DATA EXTRACTS:
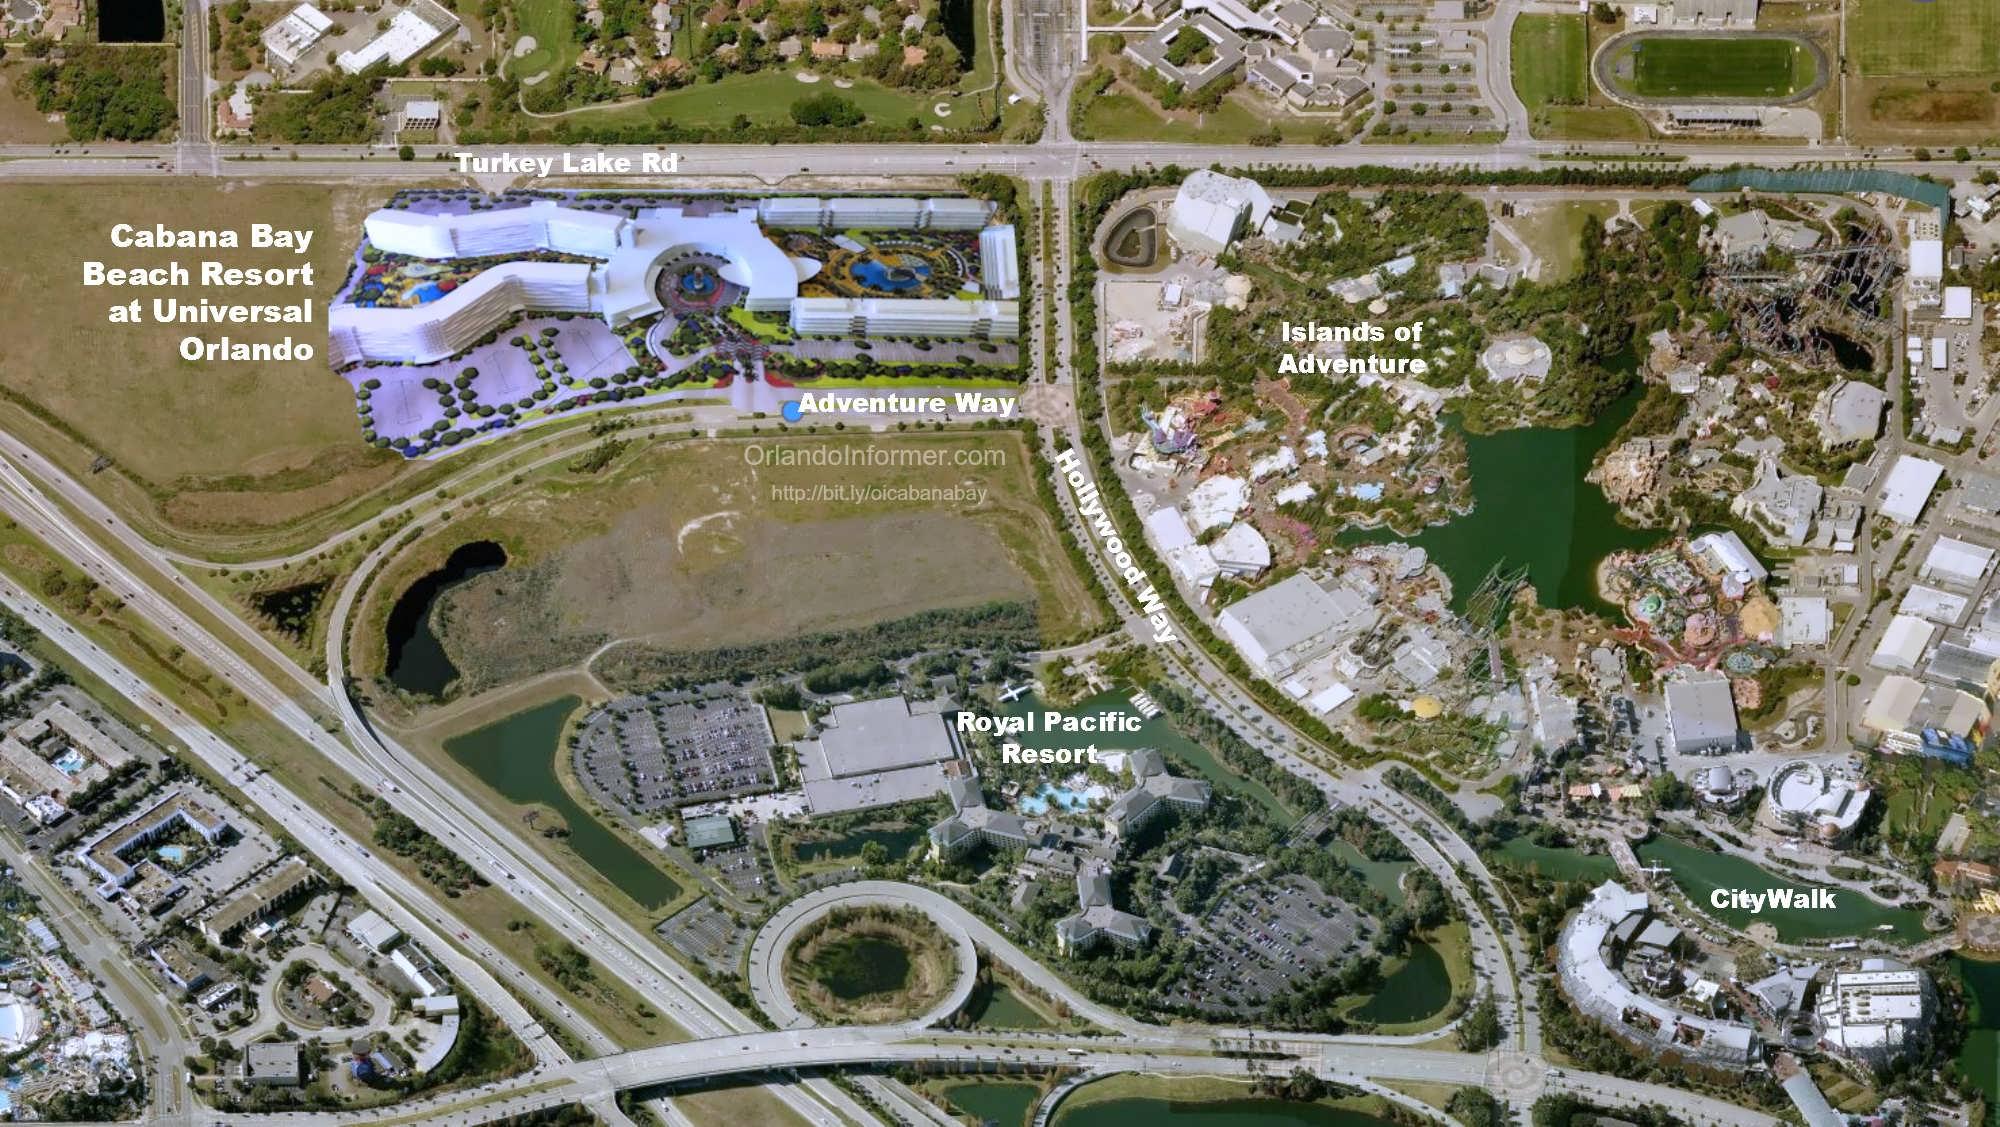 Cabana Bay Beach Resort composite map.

==

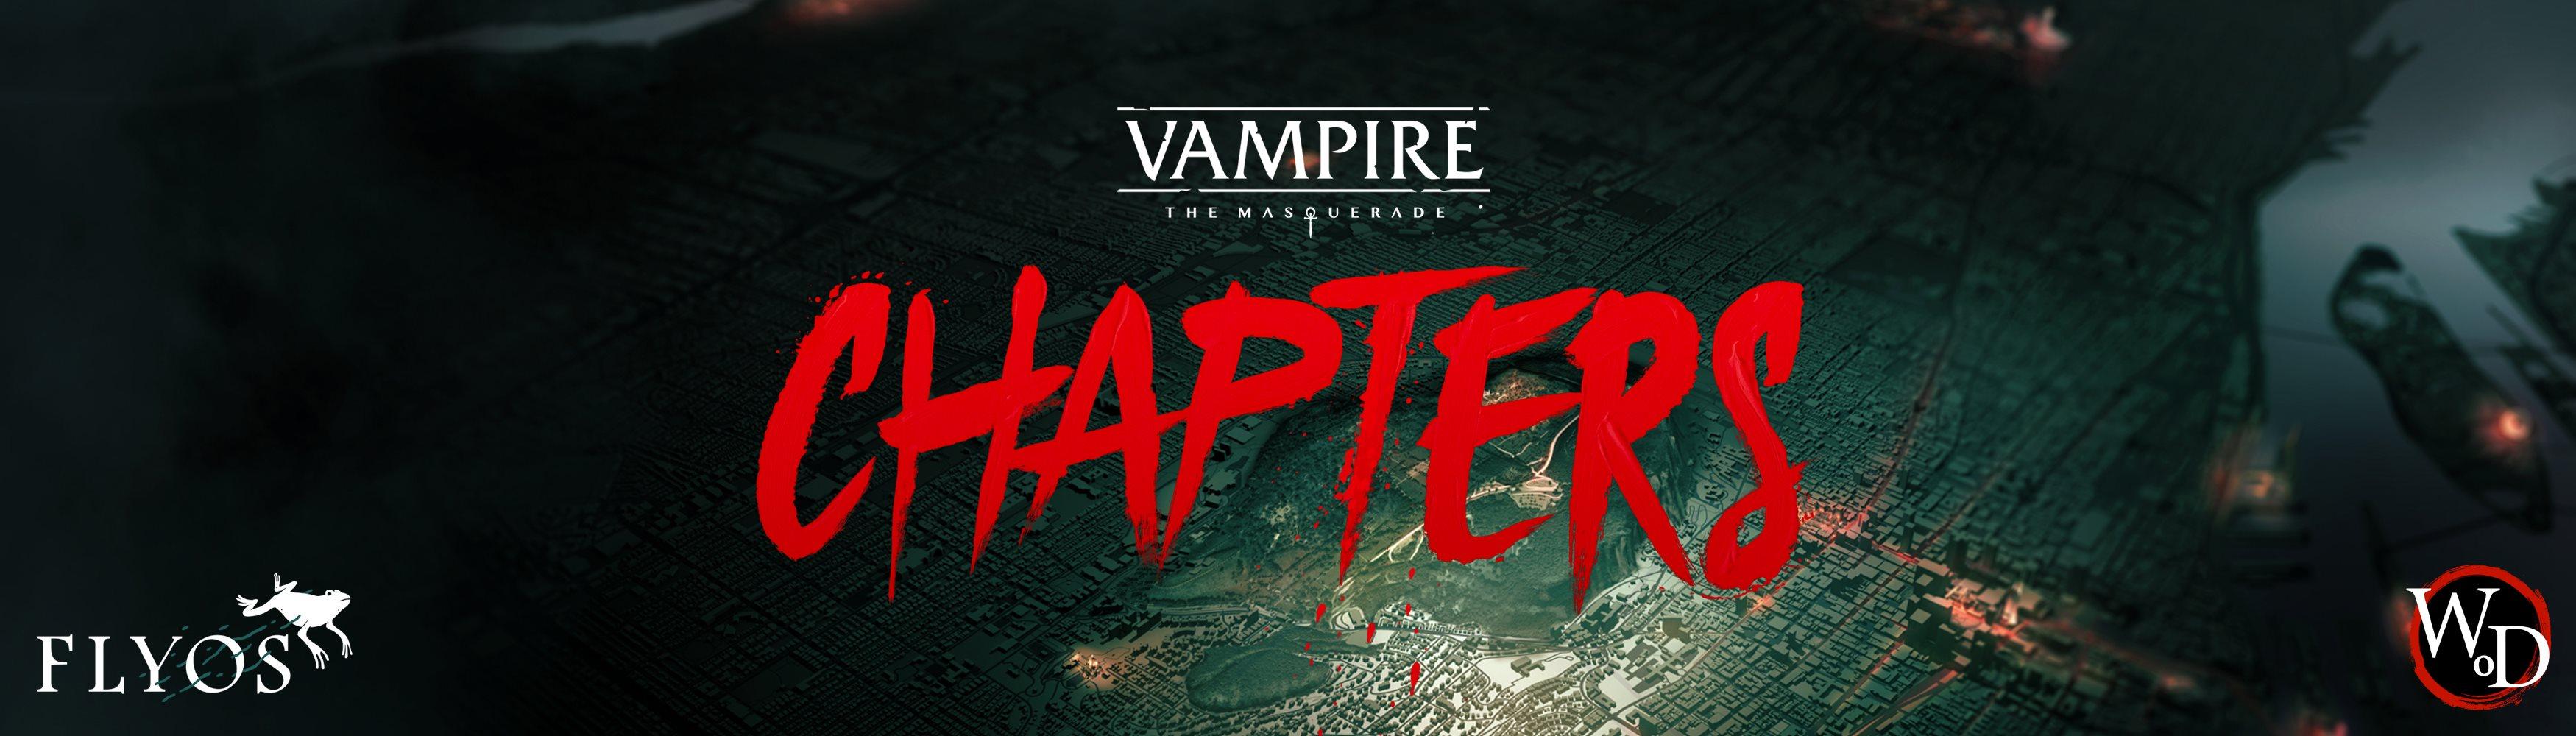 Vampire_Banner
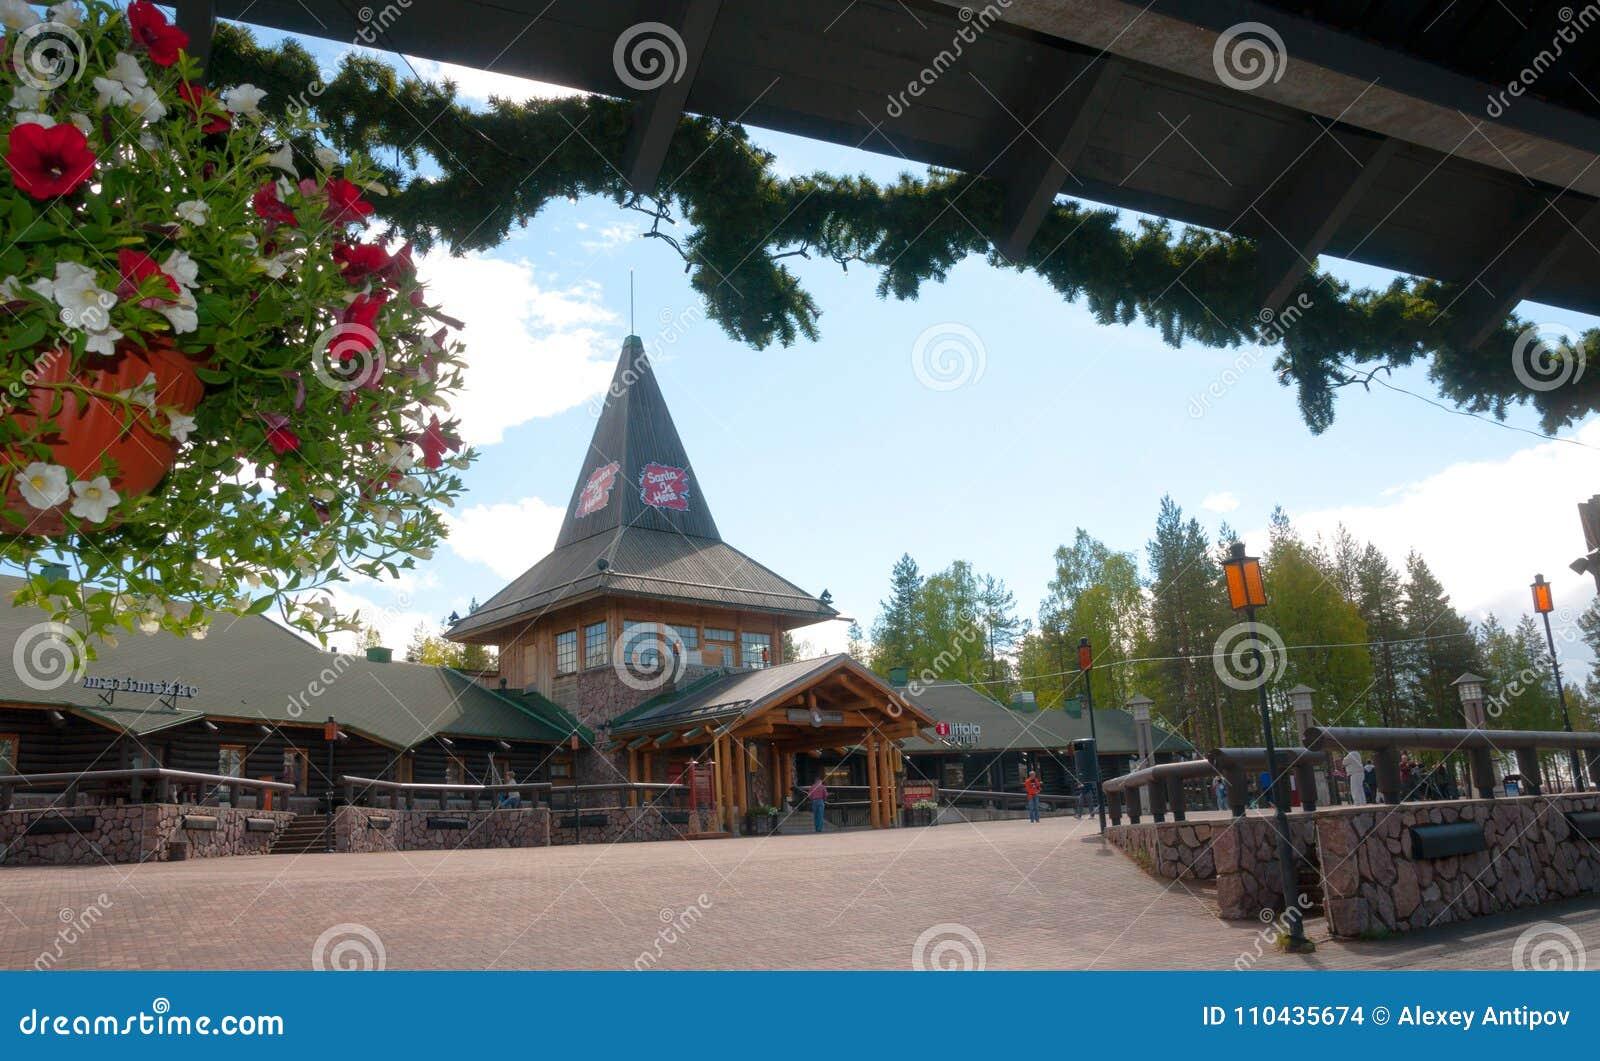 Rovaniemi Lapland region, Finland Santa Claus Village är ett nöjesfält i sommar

WHAT IS BEING ASKED: Would you transcribe the lines above exactly, going from the line bearing "Vampire_Banner" through the line bearing "Rovaniemi Lapland region, Finland", and drop the pictures from the copy?

SOLUTION:
 Vampire_Banner
 Rovaniemi Lapland region, Finland Santa Claus Village är ett nöjesfält i sommar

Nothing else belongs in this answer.